Just as traditional media dropped all objectivity in 2016, Attkisson said, Big Tech lost it in the weeks leading up to the 2020 election. They are no longer hiding their bias in algorithms meant to suppress conservative content. Most famously, Twitter censored the New York Post’s Hunter and Joe Biden corruption story. According to a post-election survey conducted by the Media Research Center 82 percent of voters were completely unaware of Trump’s successes, Biden’s corruption and the far left politics of his running mate, Kamala Harris. One in six, 17 percent, Biden voters said they would NOT have voted for Joe if they had known about one or more of these stories.
Attkisson says there is no doubt the press inappropriately covered this past election. She recalled how in the weeks and months leading up to the election, the media was warning us about possible interference from Russia and China.

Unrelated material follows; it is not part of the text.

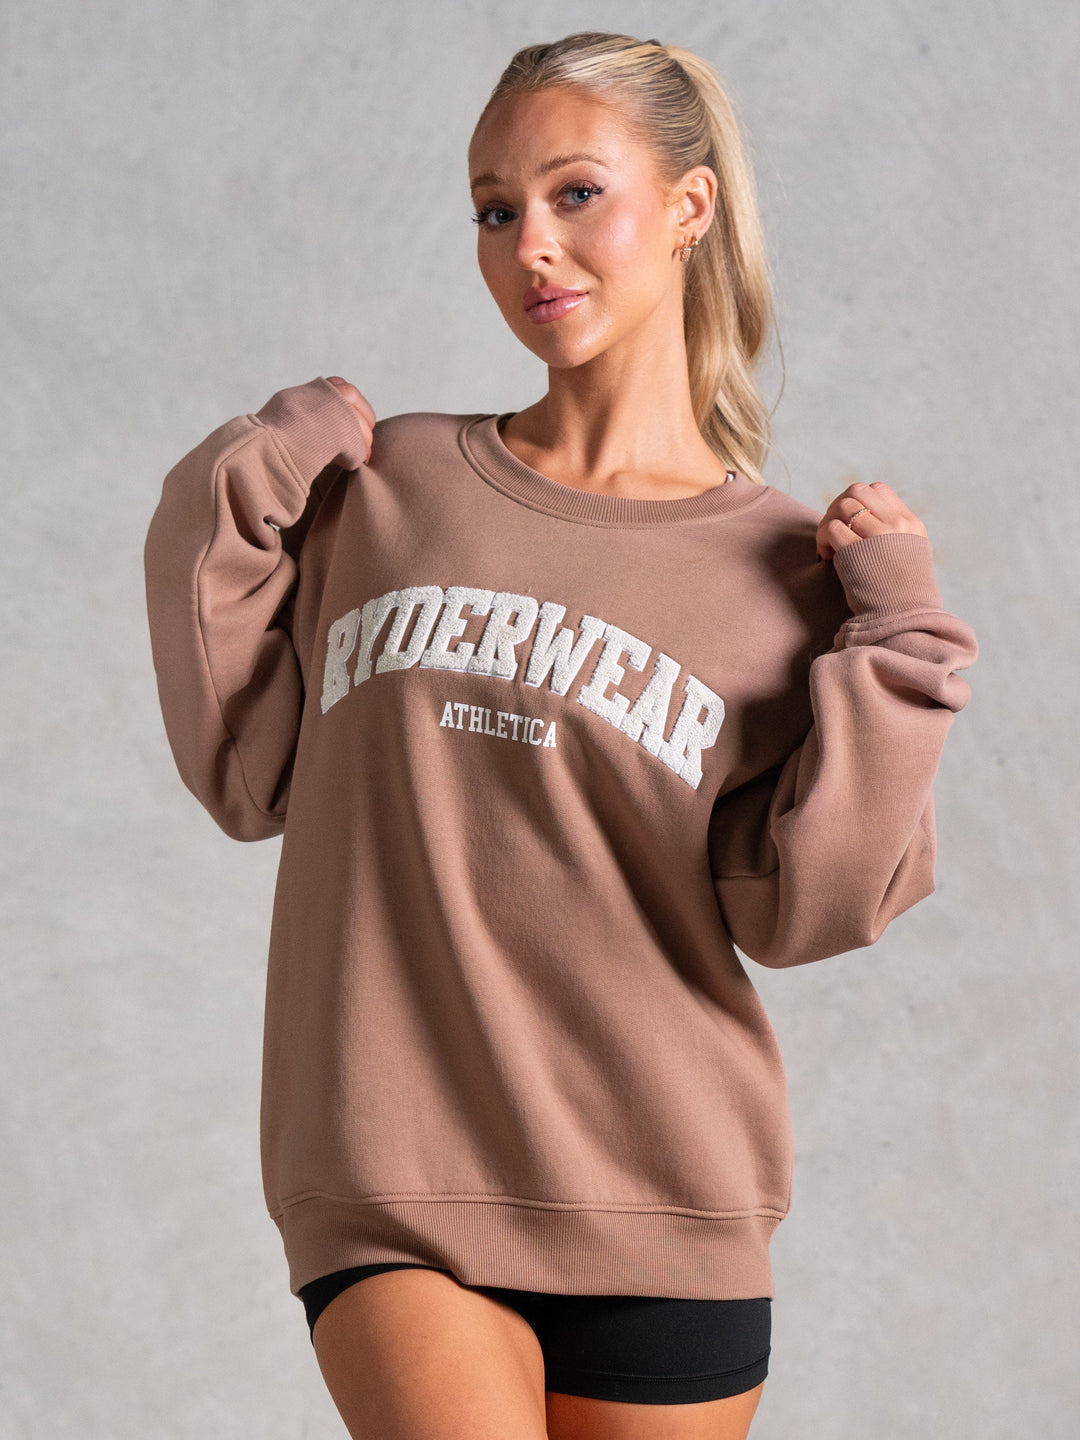 Athletica Sweater - Mocha Clothing Ryderwear

“Any rational journalist would have gone into this election on high alert looking for any mischief,” Attkisson said, “whether committed by the Biden campaign, the Trump campaign or by foreign entities. Instead, we have this unprecedented election where one person is ahead by a lot on election night and then in the next few days, as counting is stopped, and then started, and observers are blocked, the other candidate pulls into a strong lead. That doesn’t mean there was fraud, but it certainly is reason for the media to be skeptical. Instead, the media collectively shrugged their shoulders and said, ‘Who cares? It’s over.’”
Attkisson said she’s confident that Americans aren’t blindly accepting the narrative of biased media outlets. She points to the fact that Trump got 11 million more votes in 2020 compared to four years ago much of it from the African-American and Latino communities.
Attkisson warns Americans not to live in what she calls “the box,” of the internet news world. “It is not a real reflection of is going on in society. It is designed to give you a certain picture, to make you feel like you are an outlier.” She describes it as a “managed reality” that doesn’t reflect the reality of our outside lives. She urges Americans to “stay grounded in the friends and families and trust what you see there.”